Fourth normal form (4NF) is a normal form used in database normalization. Introduced by Ronald Fagin in 1977, 4NF is the next level of normalization after Boyce–Codd normal form (BCNF). Whereas the second, third, and Boyce–Codd normal forms are concerned with functional dependencies, 4NF is concerned with a more general type of dependency known as a multivalued dependency. A table is in 4NF if and only if, for every one of its non-trivial multivalued dependencies X $\twoheadrightarrow$ Y, X is a superkey—that is, X is either a candidate key or a superset thereof.

==Multivalued dependencies==
If the column headings in a relational database table are divided into three disjoint groupings X, Y, and Z, then, in the context of a particular row, we can refer to the data beneath each group of headings as x, y, and z respectively. A multivalued dependency X $\twoheadrightarrow$ Y signifies that if we choose any x actually occurring in the table (call this choice x_{c}), and compile a list of all the x_{c}yz combinations that occur in the table, we will find that x_{c} is associated with the same y entries regardless of z.

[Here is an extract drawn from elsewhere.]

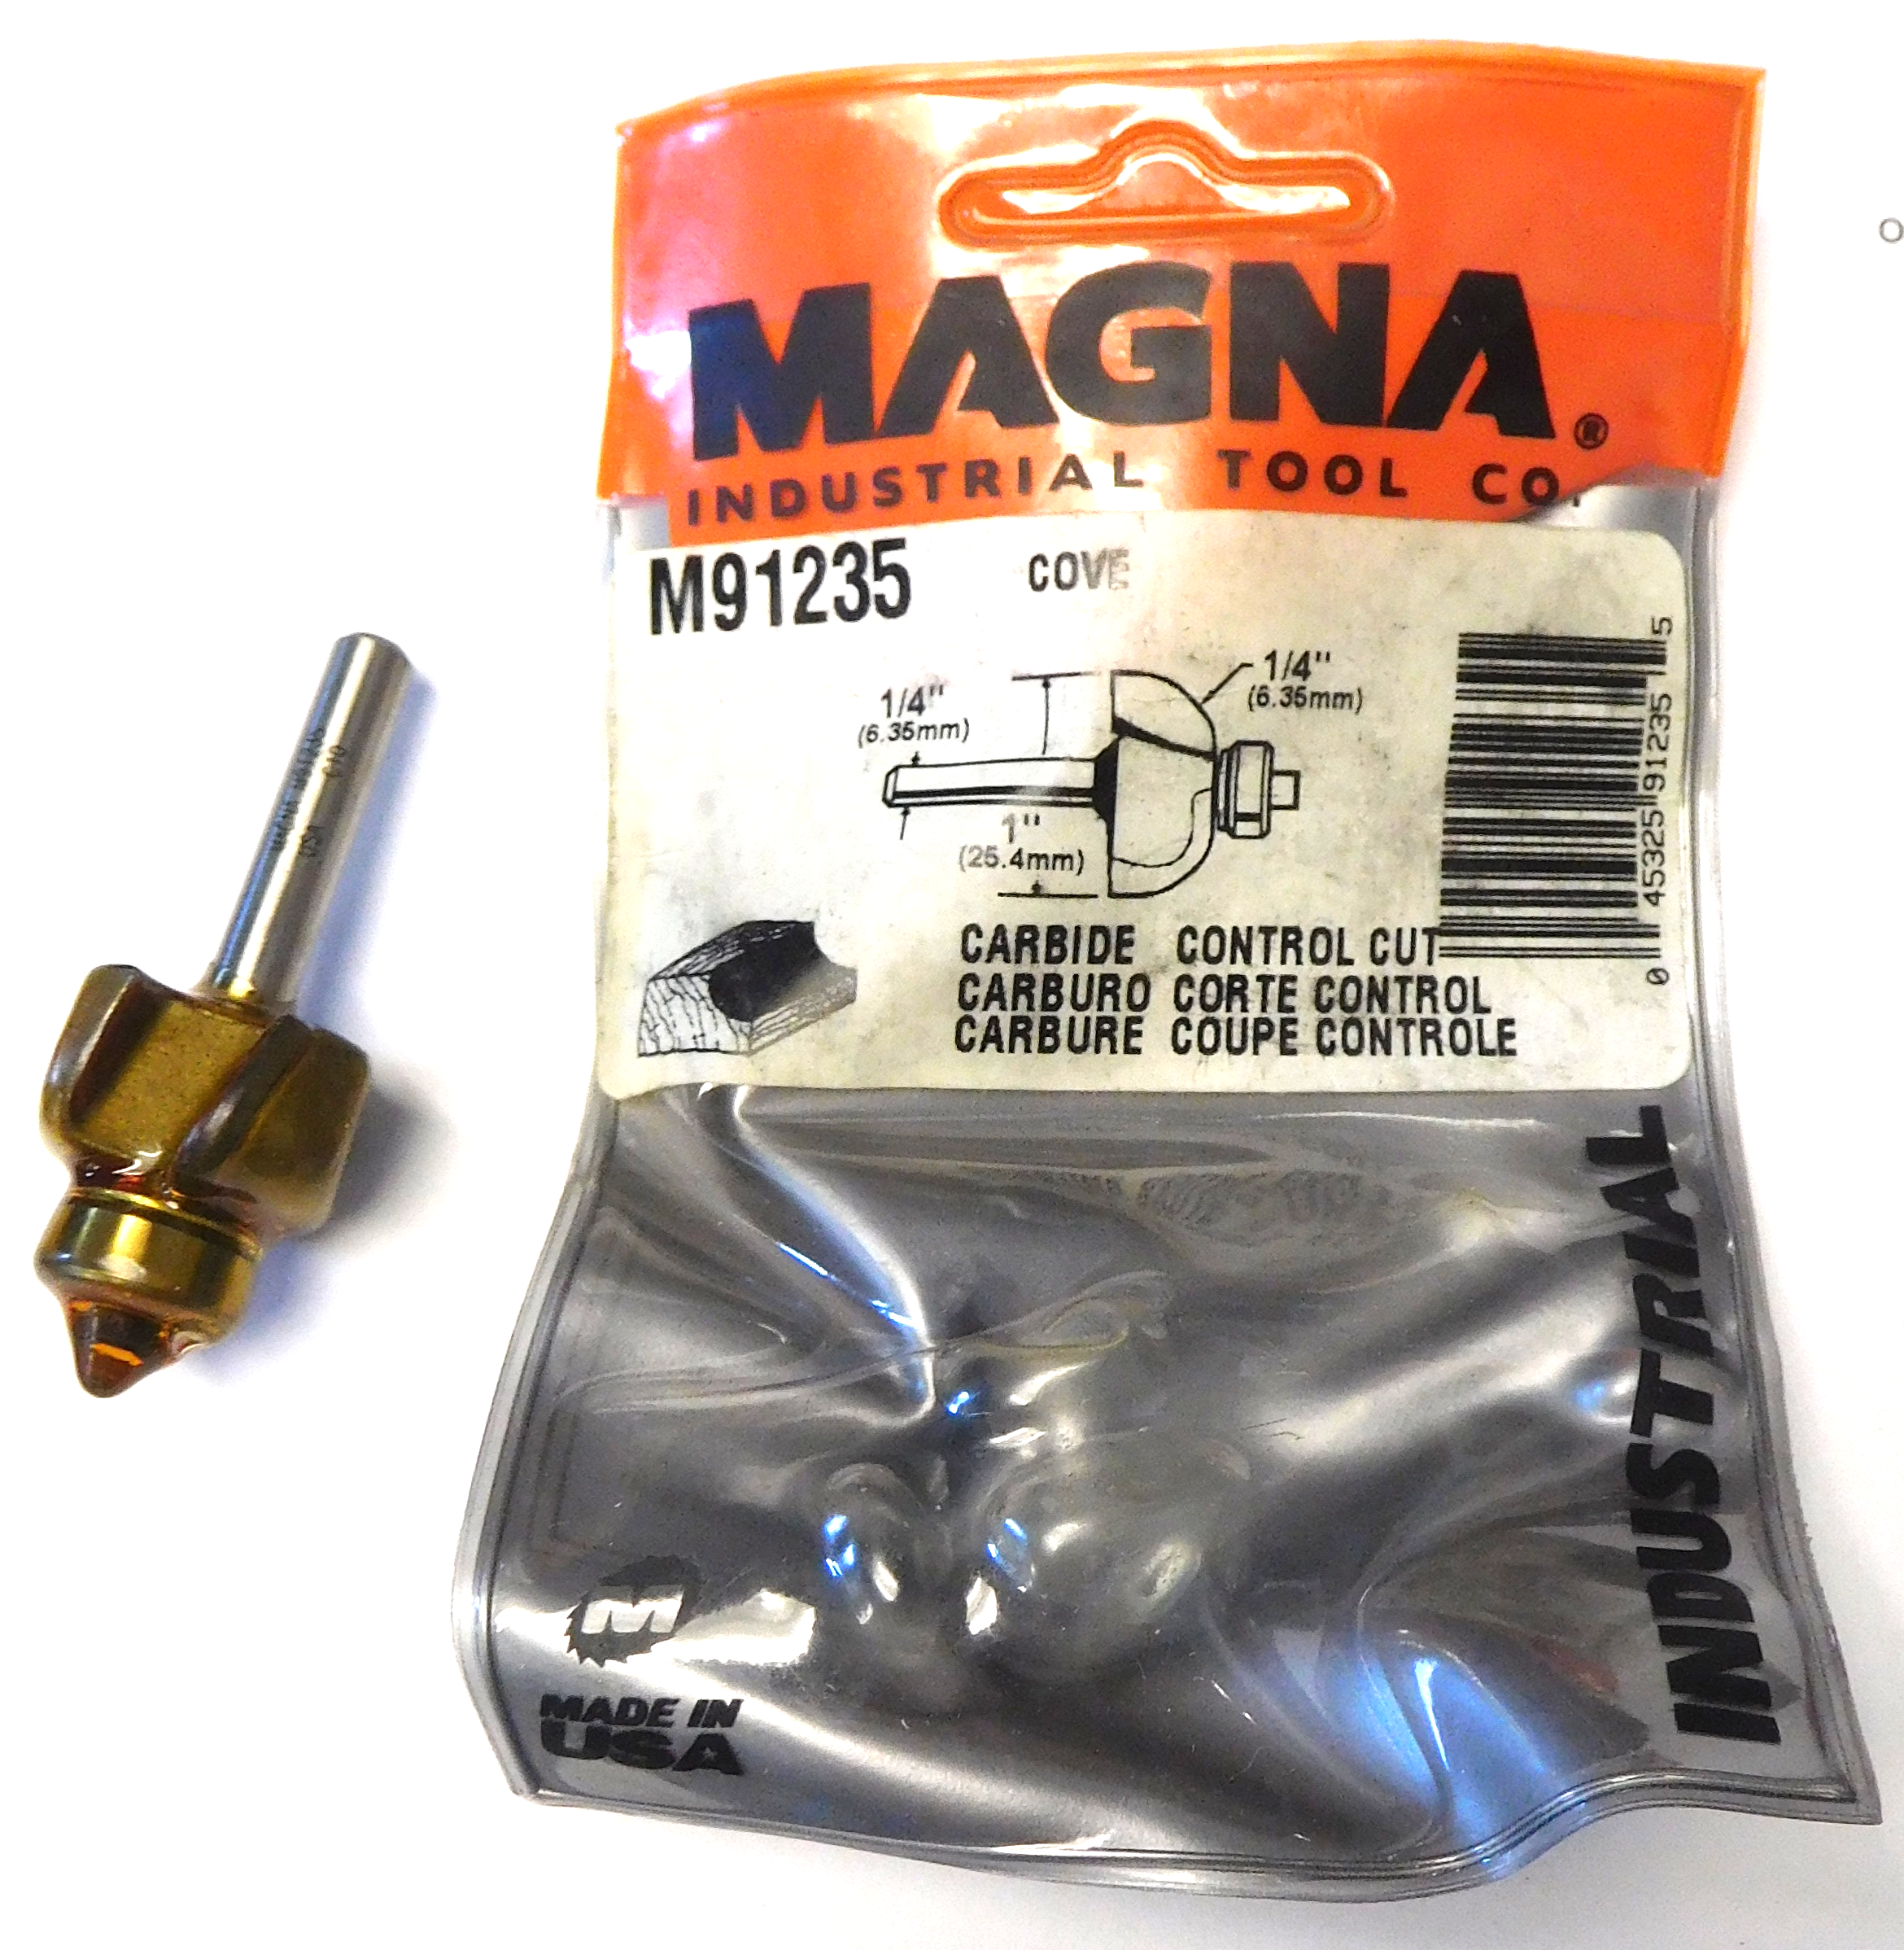 Magna M91235 1/4" x 1" Cove Router Bit 1/4" Shank USA

So essentially the presence of z provides no useful information to constrain the possible values of y.

A trivial multivalued dependency X $\twoheadrightarrow$ Y is one where either Y is a subset of X, or X and Y together form the whole set of attributes of the relation.

A functional dependency is a special case of multivalued dependency. In a functional dependency X → Y, every x determines exactly one y, never more than one.

==Example==
Consider the following example:

Pizza Delivery Permutations
| Restaurant | Pizza variety | Delivery area |
|---|---|---|
| A1 Pizza | Thick Crust | Springfield |
| A1 Pizza | Thick Crust | Shelbyville |
| A1 Pizza | Thick Crust | Capital City |
| A1 Pizza | Stuffed Crust | Springfield |
| A1 Pizza | Stuffed Crust | Shelbyville |
| A1 Pizza | Stuffed Crust | Capital City |
| Elite Pizza | Thin Crust | Capital City |
| Elite Pizza | Stuffed Crust | Capital City |
| Vincenzo's Pizza | Thick Crust | Springfield |
| Vincenzo's Pizza | Thick Crust | Shelbyville |
| Vincenzo's Pizza | Thin Crust | Springfield |
| Vincenzo's Pizza | Thin Crust | Shelbyville |

Each row indicates that a given restaurant can deliver a given variety of pizza to a given area.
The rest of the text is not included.